Has anyone done this one? 
http://www.beesource.com/build-it-yourself/20-frame-honey-extractor/
Does anyone have a good source for the hardware for the bearings and bushings? 
Any tips for motorizing the thing.
Dick


----------



## HONEYDEW (Mar 9, 2007)

the link is not complete......


----------



## swatkins (Jun 19, 2010)

http://www.beesource.com/build-it-yourself/20-frame-honey-extractor/


----------



## PCM (Sep 18, 2007)

I did not build this type, however I got all my bearings at Orschlon Farm supply.

I used self alineing bearings top and bottom.

A word of Caution,,,, THE REEL MUST BE BALANCED ALMOST PERFECT

I used a treadmill motor and speed controls, works perfect.

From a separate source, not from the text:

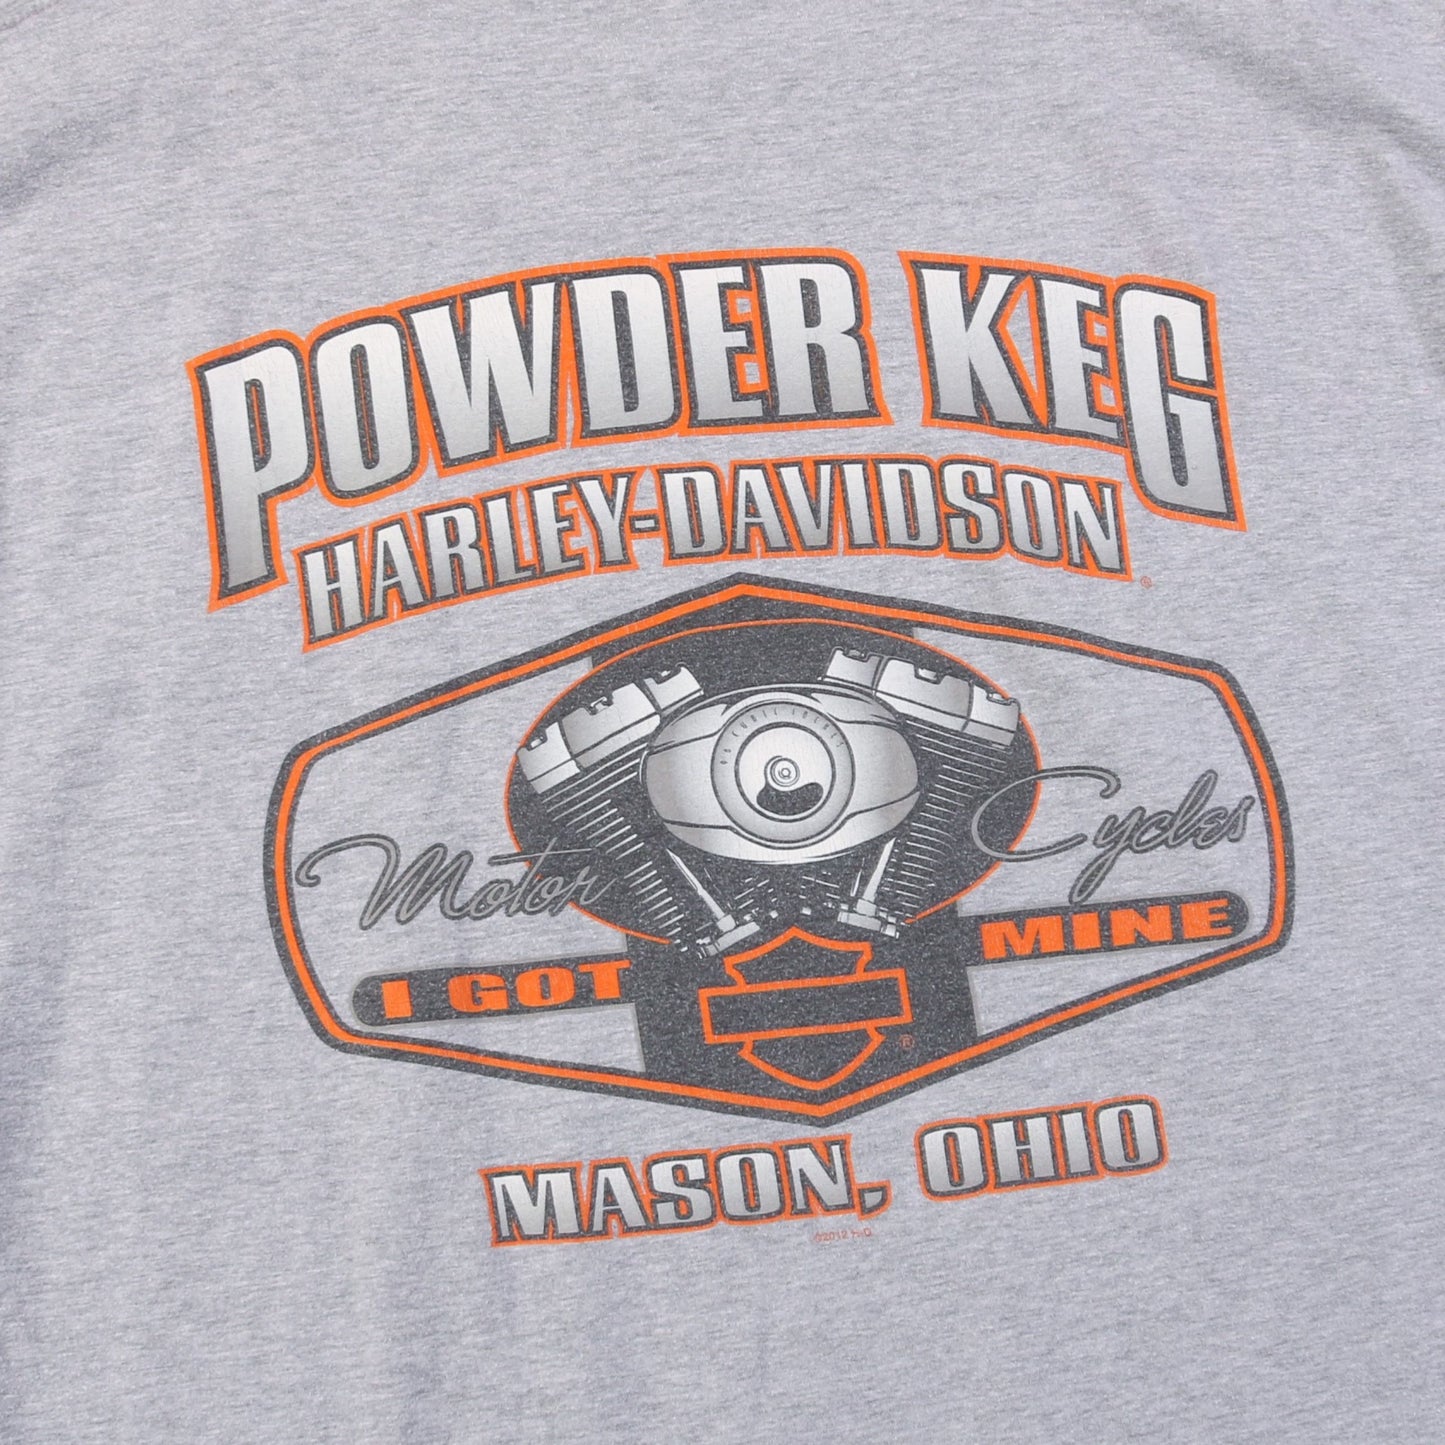 'Powder Keg Ohio' T-Shirt - American Madness

Size 10 mediums or 5 full & 5 mediums



:lookout: PCM


----------



## Dick (Apr 24, 2010)

PCM,
Thanks for the tips. I like your design I will now look for a plastic containment vessel as it's got to be lighter. I hadn't thought of the treadmill motor but that would be ideal. 
Dick


----------



## PCM (Sep 18, 2007)

Here is the motor, the pulley on the basket shaft is a 5/8 id hub used to weld on different size pulleys etc. for farm equipt. The cover is a old small stainless steel doggie dish.



:lookout: PCM


----------



## MAXANT (Sep 13, 2008)

Go to grainger and pick up a motor.
http://www.grainger.com/Grainger/ww...arch&Ntt=1/3+hp+motor+1725+rpm&N=0&sst=subset
Bearings can be had almost anywhere. Start with Mcmaster Carr.
http://www.mcmaster.com/#bearings/=bf7lxk


----------



## HONEYDEW (Mar 9, 2007)

WOW... PCM you got everything on that thing, I see a salad bowl, a cutting board the light switch from the kitchen wall,and even part of the PC.!! Don't worry I wont tell your wife where everything from the kitchen went....:lookout:... but that is cool how you came up with all that


----------



## Merlyn Votaw (Jun 23, 2008)

I use INTERNAATIONAL BEARING AND TRANSIMATION IBT check your yellow pages of phone book


----------



## Riskybizz (Mar 12, 2010)

I have to hand it to MAXANT'S post, sending someone to Graingers to buy a motor for their hand made extractor. Never underestimate the ingenuity of a beekeeper. When I lived on the east coast many years ago, I purchased a Maxant bottler and drove to the factory to pick it up. I'll be needing an extractor next year and they are on the top of my list. Maxant has your company ever considered posting promotional product videos online for people to view? 

John


----------



## MAXANT (Sep 13, 2008)

Videos are on my to do list!


----------